> Problem details
Please reproduce the listing word for word. Pictures stay out.

> Dataset excerpt
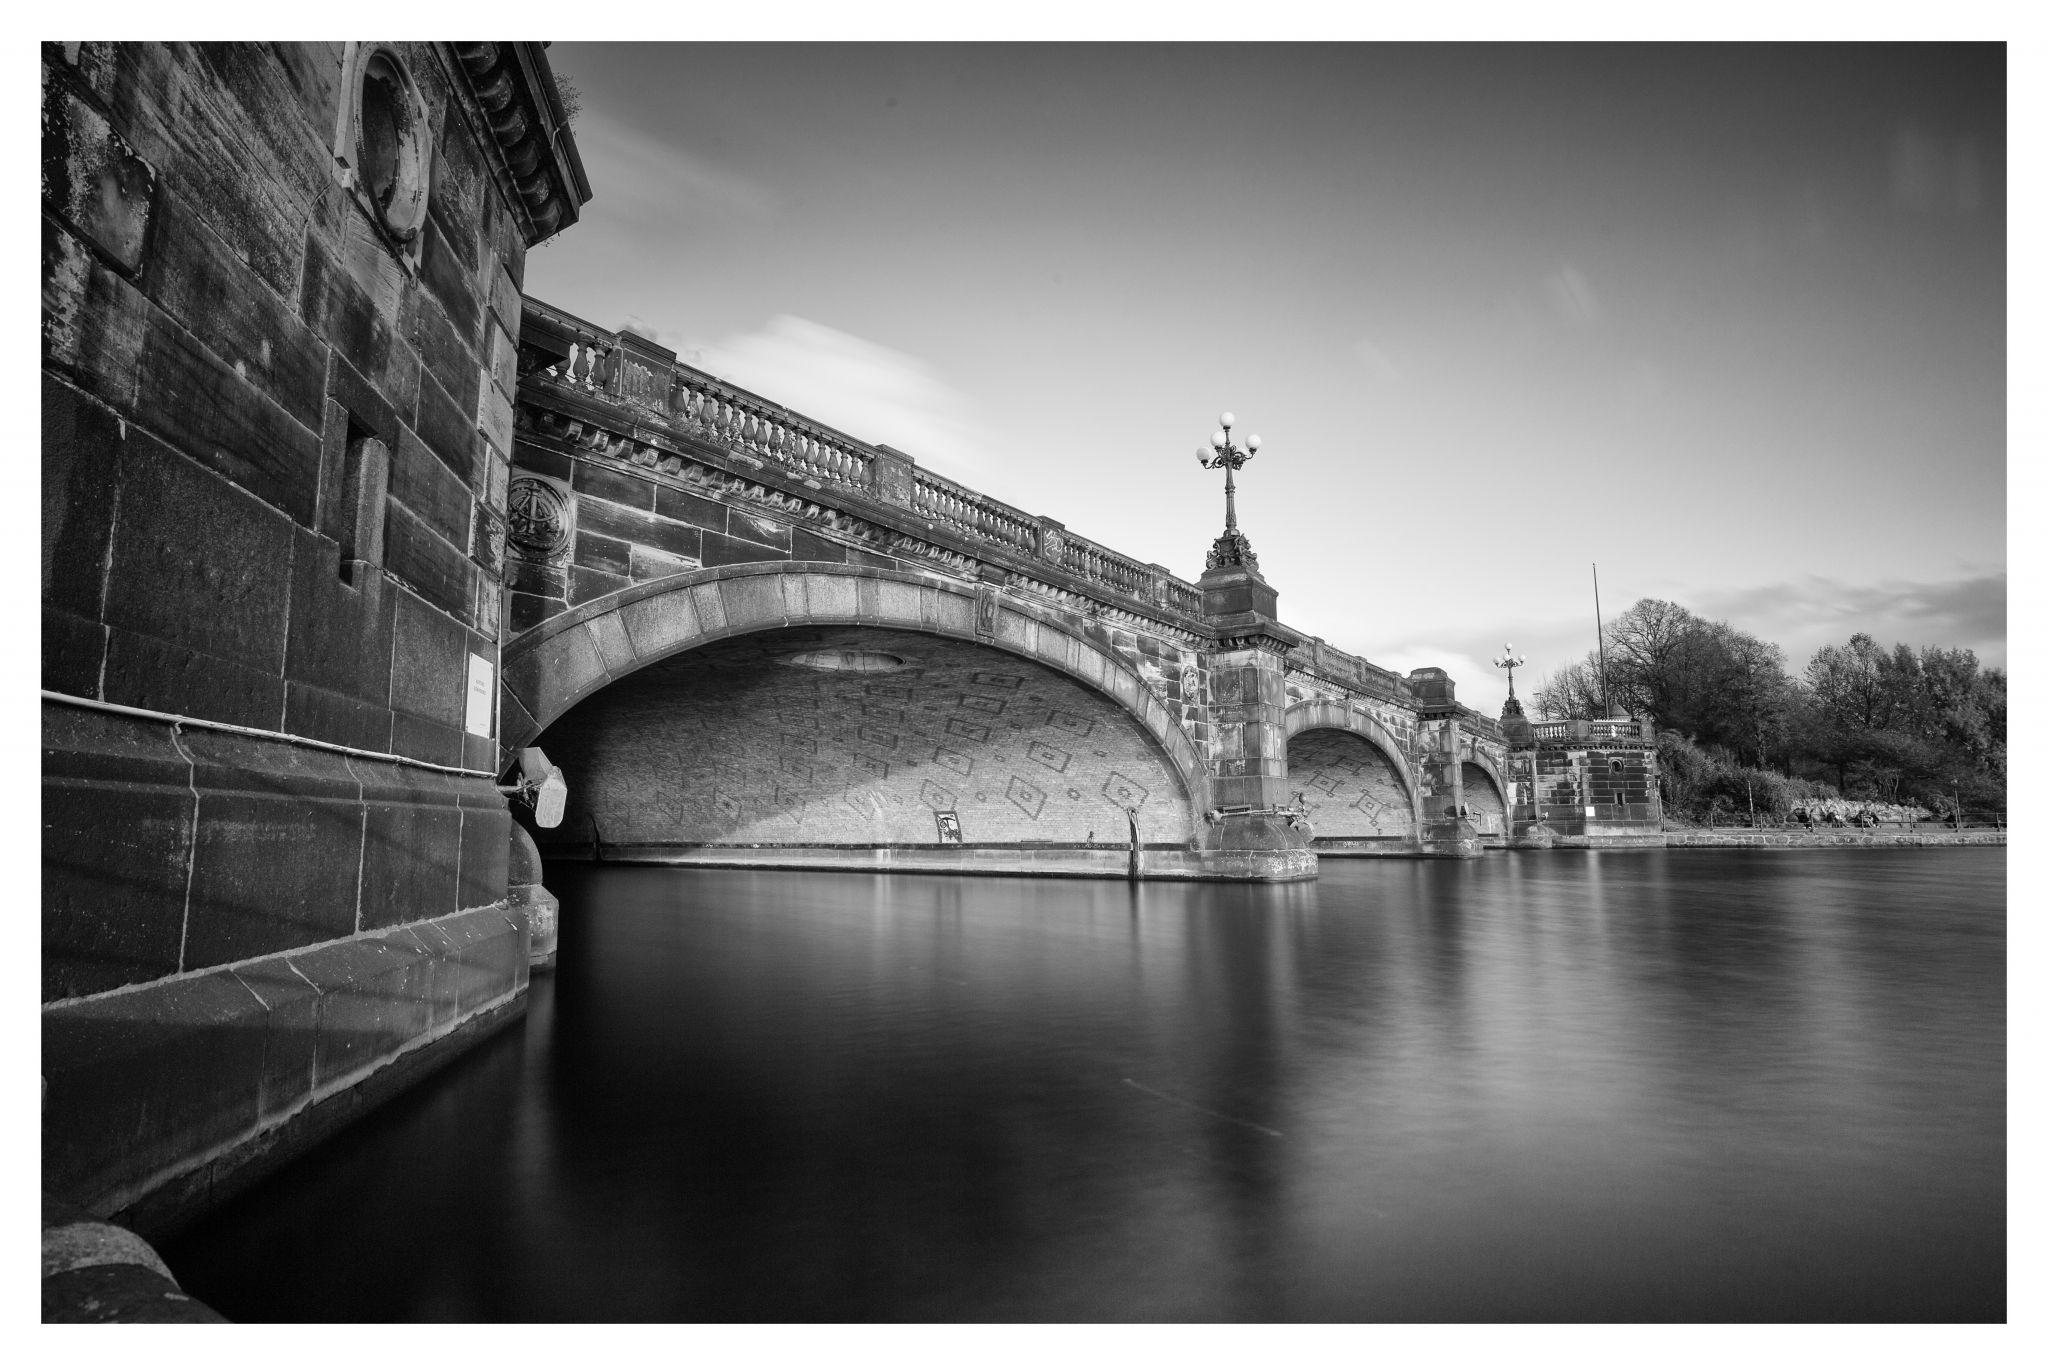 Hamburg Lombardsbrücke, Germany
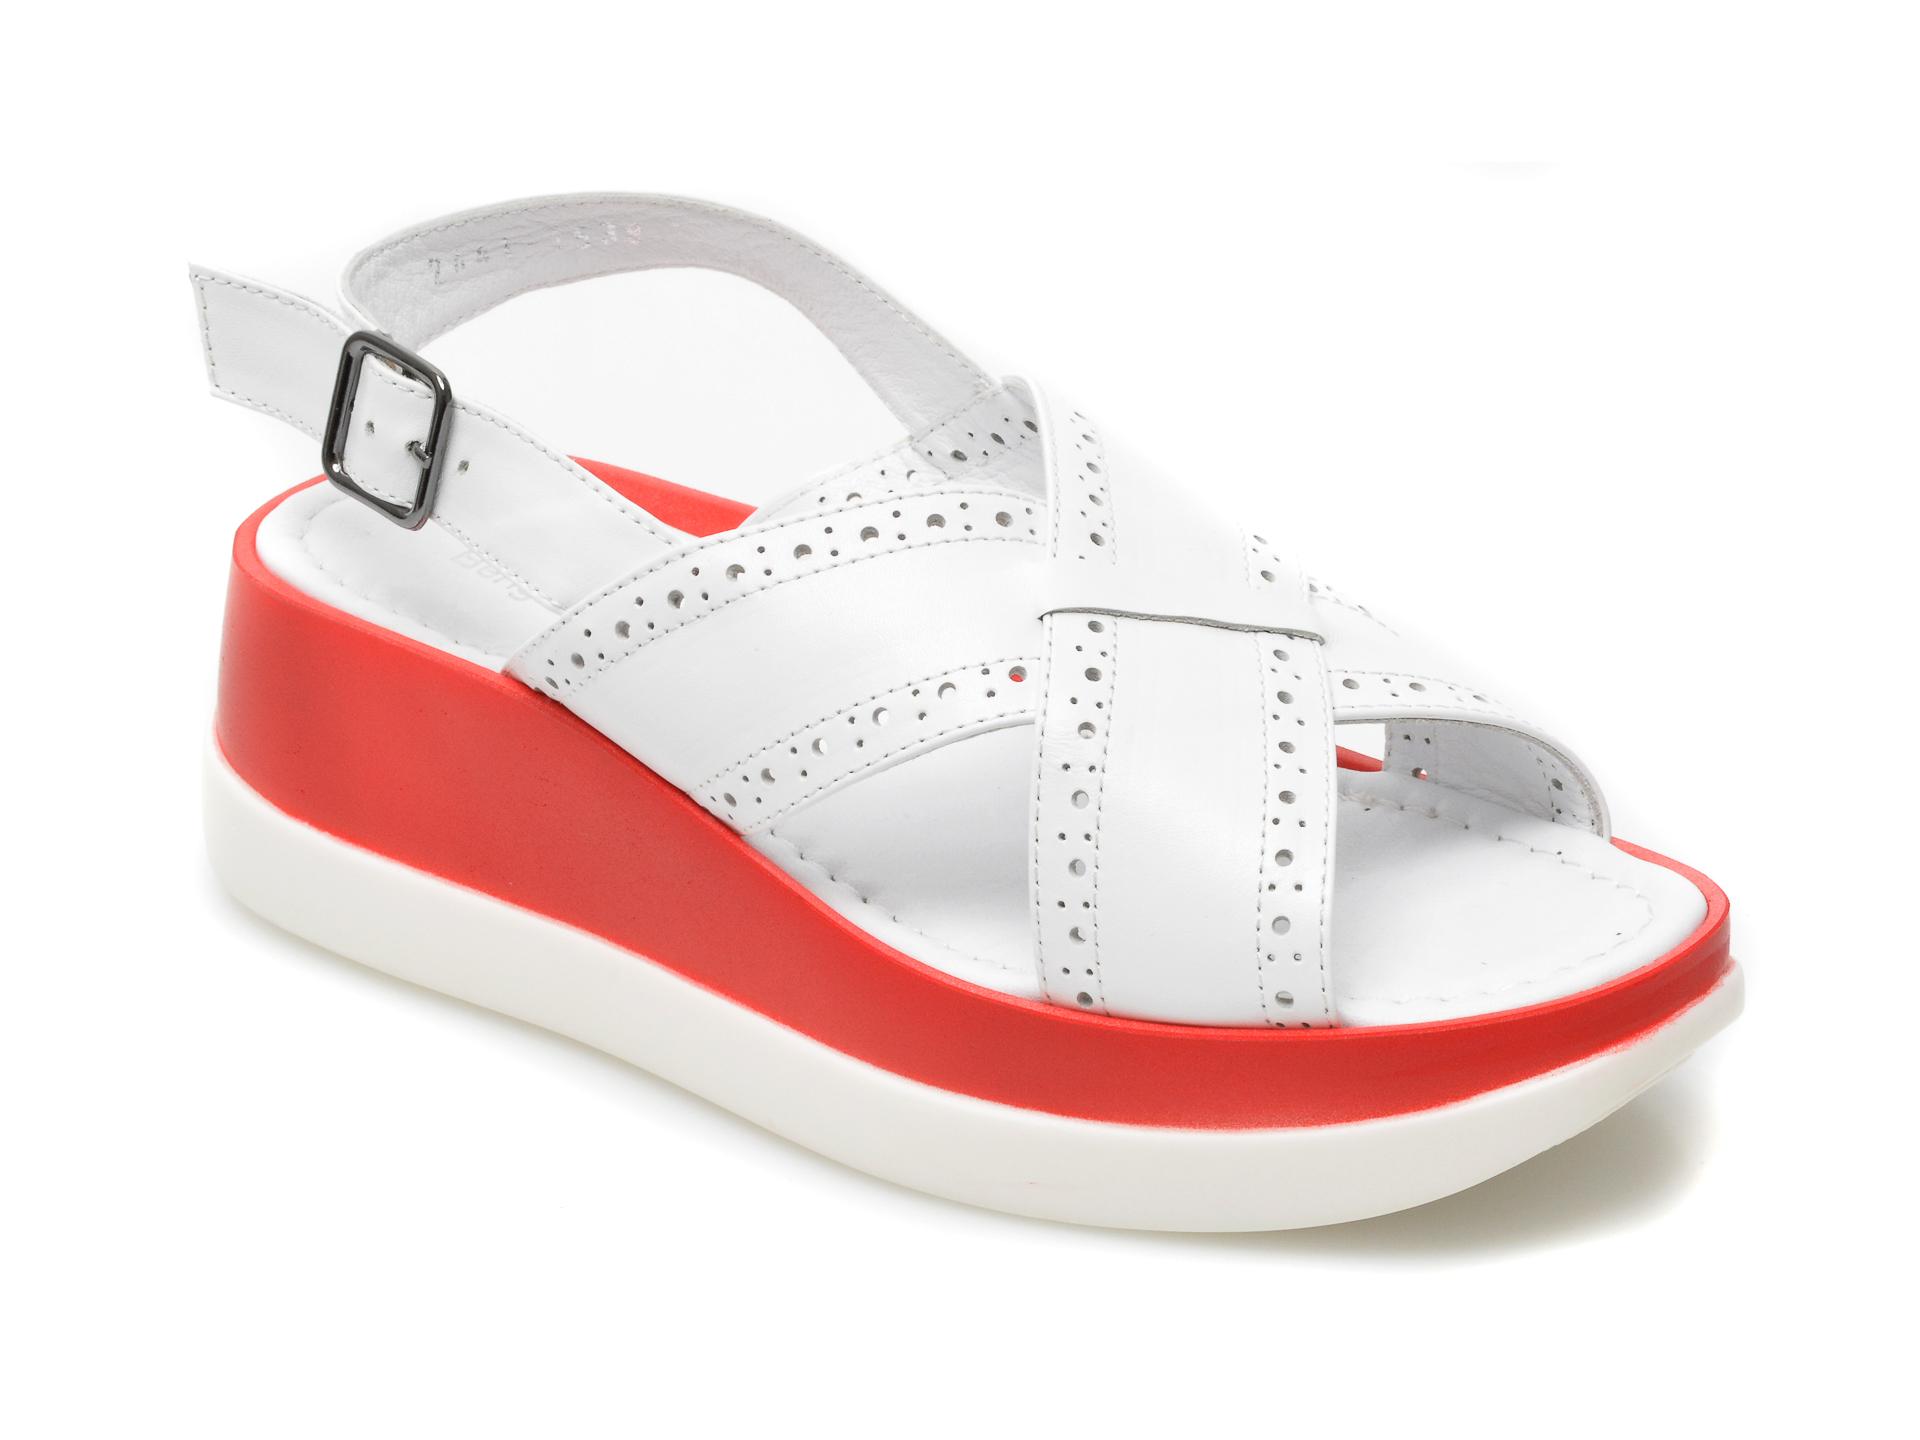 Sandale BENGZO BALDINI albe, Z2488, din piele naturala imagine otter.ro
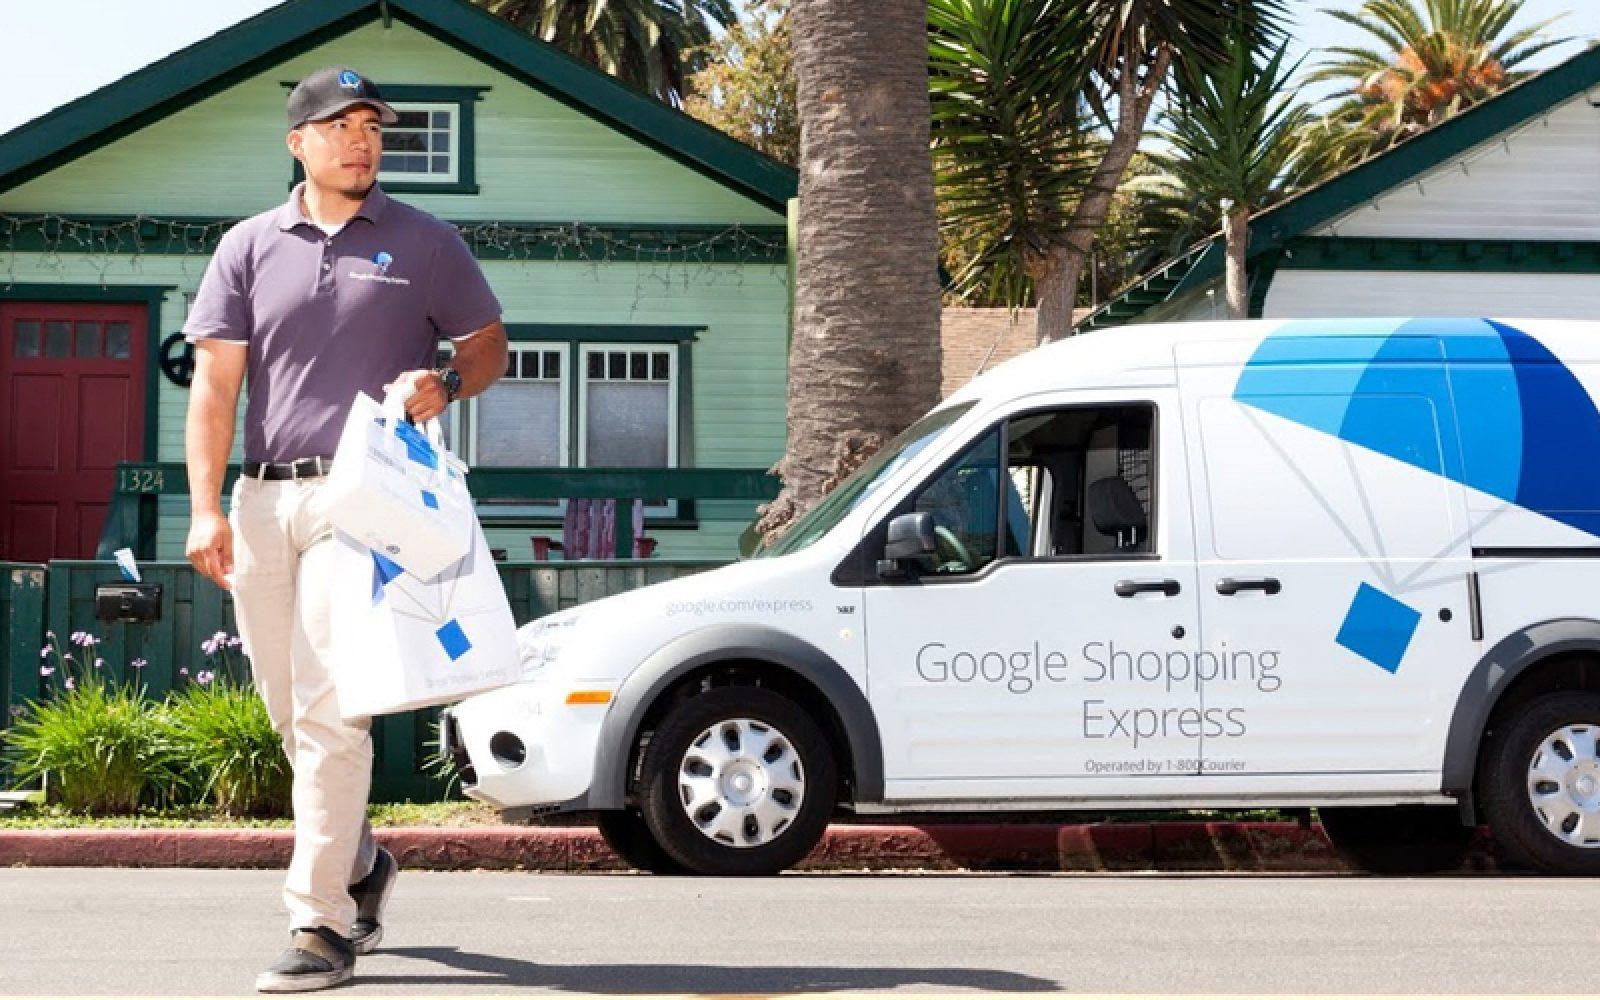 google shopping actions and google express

> Problem solution
 Hamburg Lombardsbrücke, Germany
 Sandale BENGZO BALDINI albe, Z2488, din piele naturala imagine otter.ro
 google shopping actions and google express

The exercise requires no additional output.